The head of the Olympics defends the position of Russia and Belarus

Thomas Bach, president of the International Olympic Committee, defended his organization’s efforts to create a path for Russian and Belarusian athletes back to competition in a speech in his native Germany.

Bach reiterated the IOC’s position that it would be discriminatory to exclude Russians and Belarusians on the basis of citizenship alone, and said the Olympics could help foster dialogue at a tense time.

German broadcaster WDR reported that approximately 200 pro-Ukrainian protesters gathered outside the venue calling for Russia’s complete exclusion from the Olympics.

The International Olympic Committee recommended Russia and Belarus be excluded on safety grounds shortly after last year’s invasion, but is now arguing for athletes from the two countries to be allowed to compete as neutrals without national symbols ahead of a packed schedule of qualifying events for the 2024 Paris Games.

Bach said he was against political influence over the sport and any suggestion that Russians should be treated as if they had “collective guilt”.

He said the Olympic Games must remain neutral in order to be a unifying force.

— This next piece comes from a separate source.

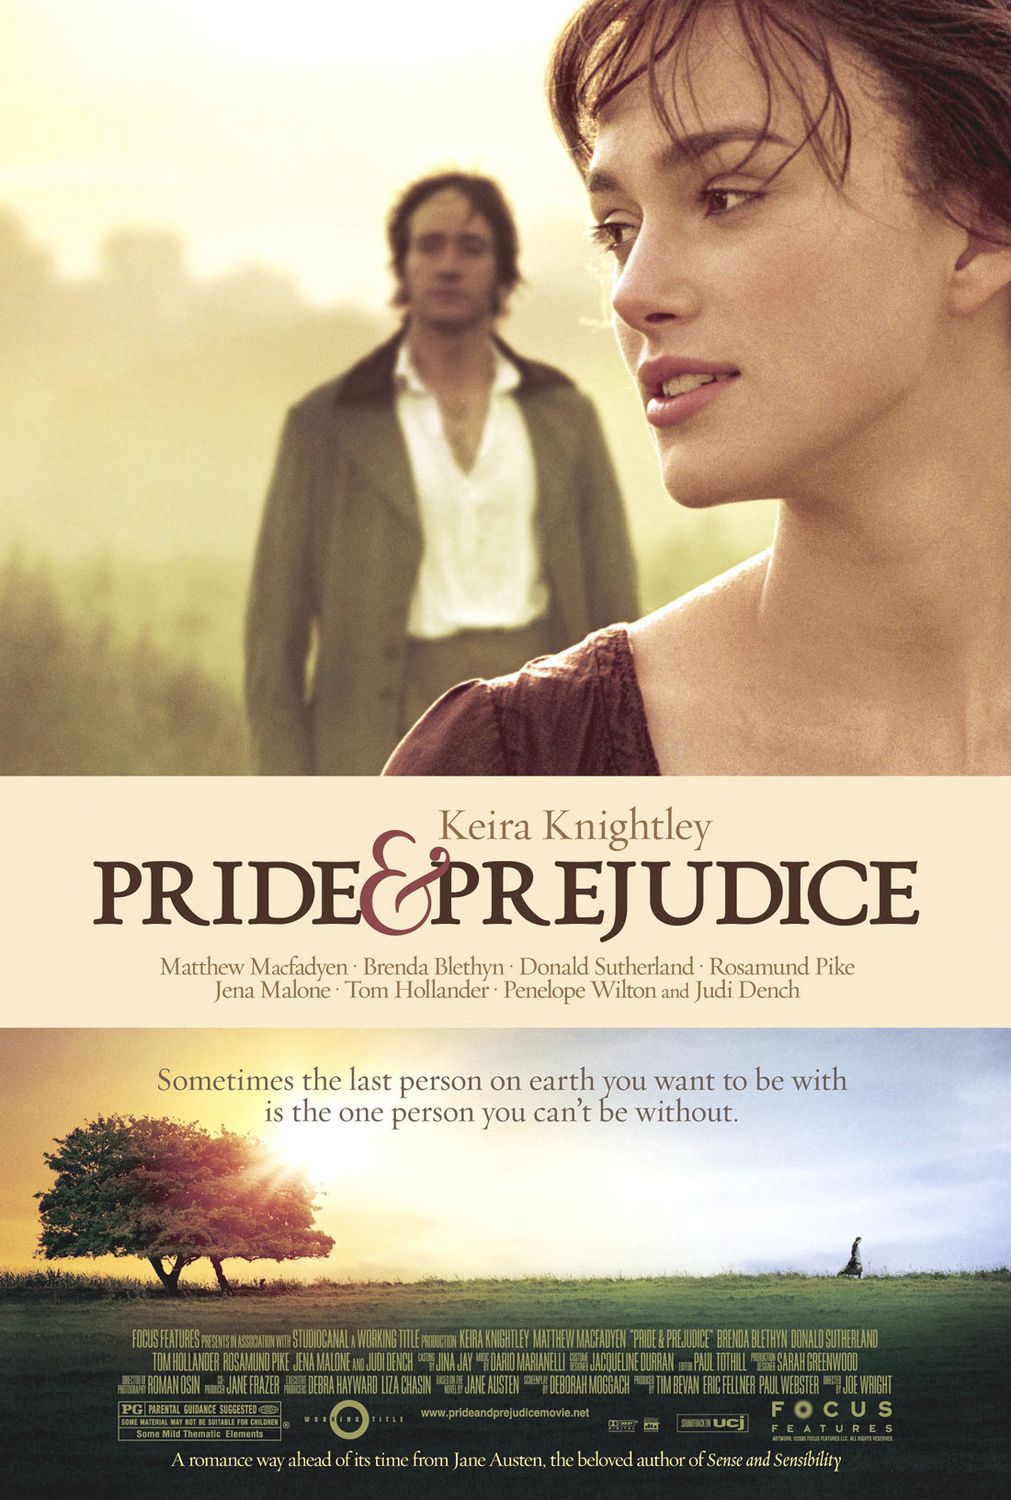 Extra Large Movie Poster Image for Pride & Prejudice (#2 of 2)

The IOC has previously said it wants to disqualify athletes seen as “actively supporting the war”, with the final decision falling to the international federations running individual sports, but has provided few details on how this will work.

Bach refined that approach on Wednesday, noting that the International Olympic Committee might recommend banning athletes standing with the ‘Z’ symbol, a sign used on Russian military vehicles that has become a symbol of support for the war.

“Our principles state clearly and clearly that any active support for war, and that includes wearing that ‘Z’, which includes notations and things other than that (is prohibited),” Bach said.

“Whoever favors war in this way cannot or in connection with the international federations, since we are issuing this only as a recommendation, should not participate in these contests.”